◆ **Instructions to follow**: Your response should consist of every record, exactly as given.

### Information shown

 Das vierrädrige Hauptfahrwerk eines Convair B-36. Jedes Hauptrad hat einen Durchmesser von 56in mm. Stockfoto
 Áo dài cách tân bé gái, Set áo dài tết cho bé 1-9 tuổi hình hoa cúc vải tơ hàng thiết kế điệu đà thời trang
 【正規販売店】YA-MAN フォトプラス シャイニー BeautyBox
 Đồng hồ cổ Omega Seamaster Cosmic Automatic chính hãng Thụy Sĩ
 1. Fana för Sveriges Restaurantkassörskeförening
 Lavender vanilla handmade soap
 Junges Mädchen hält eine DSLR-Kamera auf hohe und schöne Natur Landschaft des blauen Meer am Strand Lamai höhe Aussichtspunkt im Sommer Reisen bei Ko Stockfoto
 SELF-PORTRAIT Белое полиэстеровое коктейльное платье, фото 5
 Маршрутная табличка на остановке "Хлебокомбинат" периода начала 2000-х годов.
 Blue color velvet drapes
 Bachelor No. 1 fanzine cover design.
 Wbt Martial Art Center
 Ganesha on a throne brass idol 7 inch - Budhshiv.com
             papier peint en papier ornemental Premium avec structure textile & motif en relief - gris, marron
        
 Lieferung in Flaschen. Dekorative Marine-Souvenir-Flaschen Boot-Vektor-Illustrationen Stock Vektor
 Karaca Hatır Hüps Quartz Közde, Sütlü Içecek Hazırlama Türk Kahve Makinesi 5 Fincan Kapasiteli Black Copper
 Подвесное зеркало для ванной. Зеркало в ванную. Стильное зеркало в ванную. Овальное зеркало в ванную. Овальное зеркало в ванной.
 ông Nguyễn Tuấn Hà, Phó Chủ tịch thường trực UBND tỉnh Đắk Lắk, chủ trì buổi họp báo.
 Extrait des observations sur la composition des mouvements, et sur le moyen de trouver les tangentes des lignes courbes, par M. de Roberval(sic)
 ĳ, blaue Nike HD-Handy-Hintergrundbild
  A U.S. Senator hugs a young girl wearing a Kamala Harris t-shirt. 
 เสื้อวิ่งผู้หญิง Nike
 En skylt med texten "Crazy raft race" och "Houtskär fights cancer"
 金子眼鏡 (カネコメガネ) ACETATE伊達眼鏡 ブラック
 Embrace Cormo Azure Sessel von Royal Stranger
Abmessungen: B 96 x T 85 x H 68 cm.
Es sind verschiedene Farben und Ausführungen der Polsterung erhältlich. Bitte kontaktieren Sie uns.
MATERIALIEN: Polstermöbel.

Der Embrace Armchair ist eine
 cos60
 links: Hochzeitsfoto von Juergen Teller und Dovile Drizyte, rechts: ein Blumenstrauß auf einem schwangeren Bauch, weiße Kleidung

######

◆ **Response**:
 Das vierrädrige Hauptfahrwerk eines Convair B-36. Jedes Hauptrad hat einen Durchmesser von 56in mm. Stockfoto
 Áo dài cách tân bé gái, Set áo dài tết cho bé 1-9 tuổi hình hoa cúc vải tơ hàng thiết kế điệu đà thời trang
 【正規販売店】YA-MAN フォトプラス シャイニー BeautyBox
 Đồng hồ cổ Omega Seamaster Cosmic Automatic chính hãng Thụy Sĩ
 1. Fana för Sveriges Restaurantkassörskeförening
 Lavender vanilla handmade soap
 Junges Mädchen hält eine DSLR-Kamera auf hohe und schöne Natur Landschaft des blauen Meer am Strand Lamai höhe Aussichtspunkt im Sommer Reisen bei Ko Stockfoto
 SELF-PORTRAIT Белое полиэстеровое коктейльное платье, фото 5
 Маршрутная табличка на остановке "Хлебокомбинат" периода начала 2000-х годов.
 Blue color velvet drapes
 Bachelor No. 1 fanzine cover design.
 Wbt Martial Art Center
 Ganesha on a throne brass idol 7 inch - Budhshiv.com
             papier peint en papier ornemental Premium avec structure textile & motif en relief - gris, marron
        
 Lieferung in Flaschen. Dekorative Marine-Souvenir-Flaschen Boot-Vektor-Illustrationen Stock Vektor
 Karaca Hatır Hüps Quartz Közde, Sütlü Içecek Hazırlama Türk Kahve Makinesi 5 Fincan Kapasiteli Black Copper
 Подвесное зеркало для ванной. Зеркало в ванную. Стильное зеркало в ванную. Овальное зеркало в ванную. Овальное зеркало в ванной.
 ông Nguyễn Tuấn Hà, Phó Chủ tịch thường trực UBND tỉnh Đắk Lắk, chủ trì buổi họp báo.
 Extrait des observations sur la composition des mouvements, et sur le moyen de trouver les tangentes des lignes courbes, par M. de Roberval(sic)
 ĳ, blaue Nike HD-Handy-Hintergrundbild
  A U.S. Senator hugs a young girl wearing a Kamala Harris t-shirt. 
 เสื้อวิ่งผู้หญิง Nike
 En skylt med texten "Crazy raft race" och "Houtskär fights cancer"
 金子眼鏡 (カネコメガネ) ACETATE伊達眼鏡 ブラック
 Embrace Cormo Azure Sessel von Royal Stranger
Abmessungen: B 96 x T 85 x H 68 cm.
Es sind verschiedene Farben und Ausführungen der Polsterung erhältlich. Bitte kontaktieren Sie uns.
MATERIALIEN: Polstermöbel.

Der Embrace Armchair ist eine
 cos60
 links: Hochzeitsfoto von Juergen Teller und Dovile Drizyte, rechts: ein Blumenstrauß auf einem schwangeren Bauch, weiße Kleidung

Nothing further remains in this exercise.